Your task>
For the entries below, repeat exactly each line starting with the one that contains "DIY Rustic Wedding Invites.jpg" and going on through the one that contains "Andre Iguodala returns", and no others.

Input material>
────────

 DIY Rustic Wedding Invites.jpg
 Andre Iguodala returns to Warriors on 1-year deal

────────

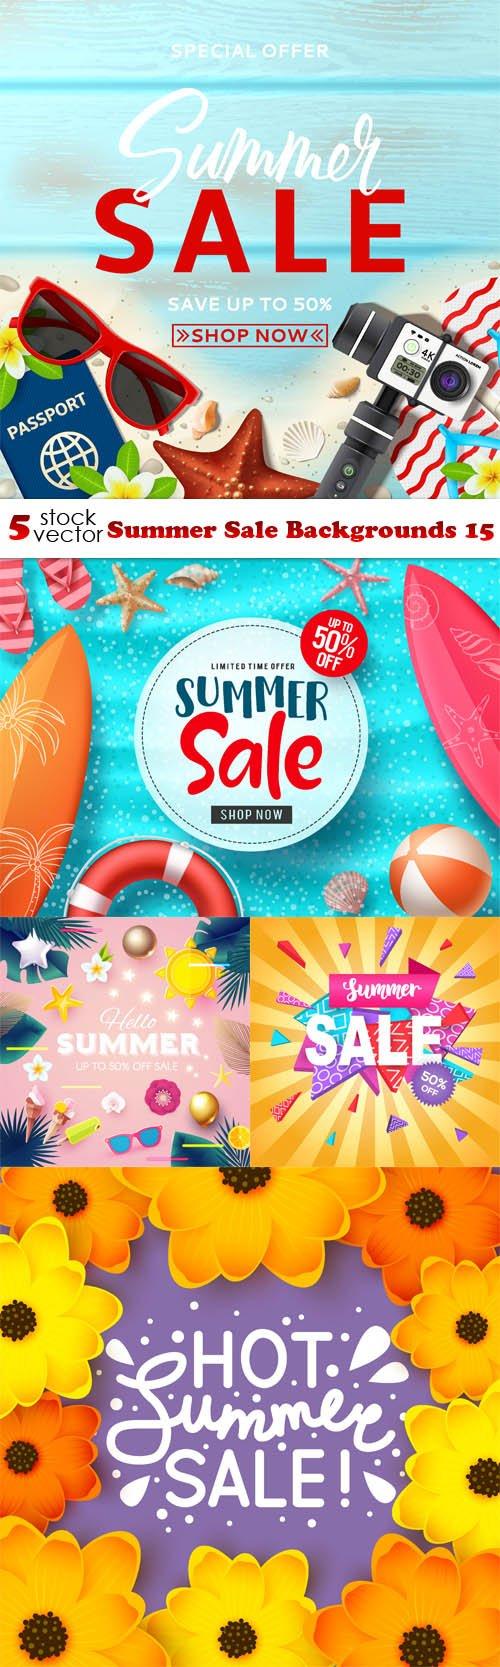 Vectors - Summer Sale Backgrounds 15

────────

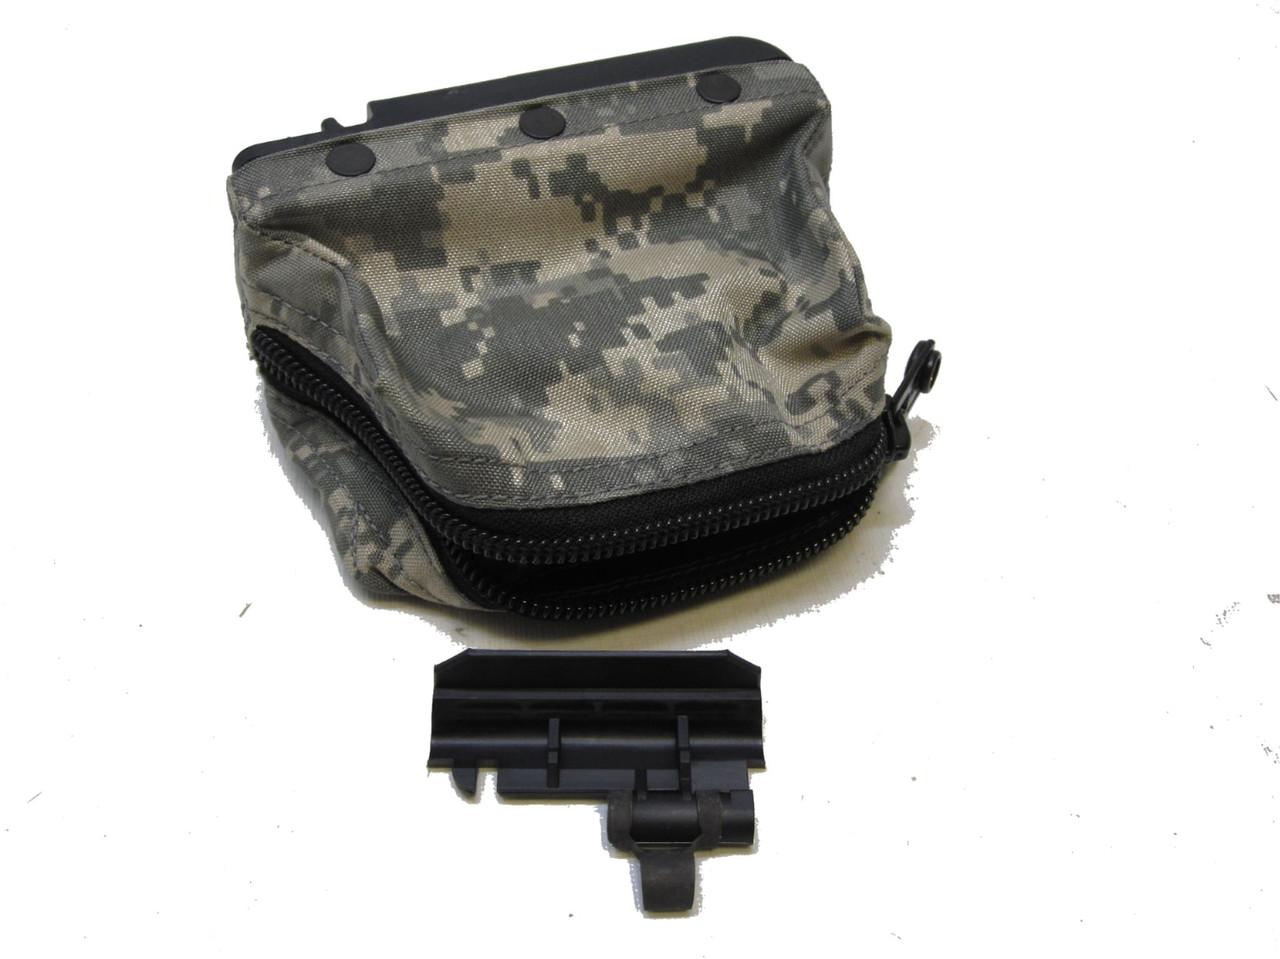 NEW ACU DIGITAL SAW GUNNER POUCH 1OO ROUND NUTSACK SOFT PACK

────────

Written solution>
 DIY Rustic Wedding Invites.jpg
 Andre Iguodala returns to Warriors on 1-year deal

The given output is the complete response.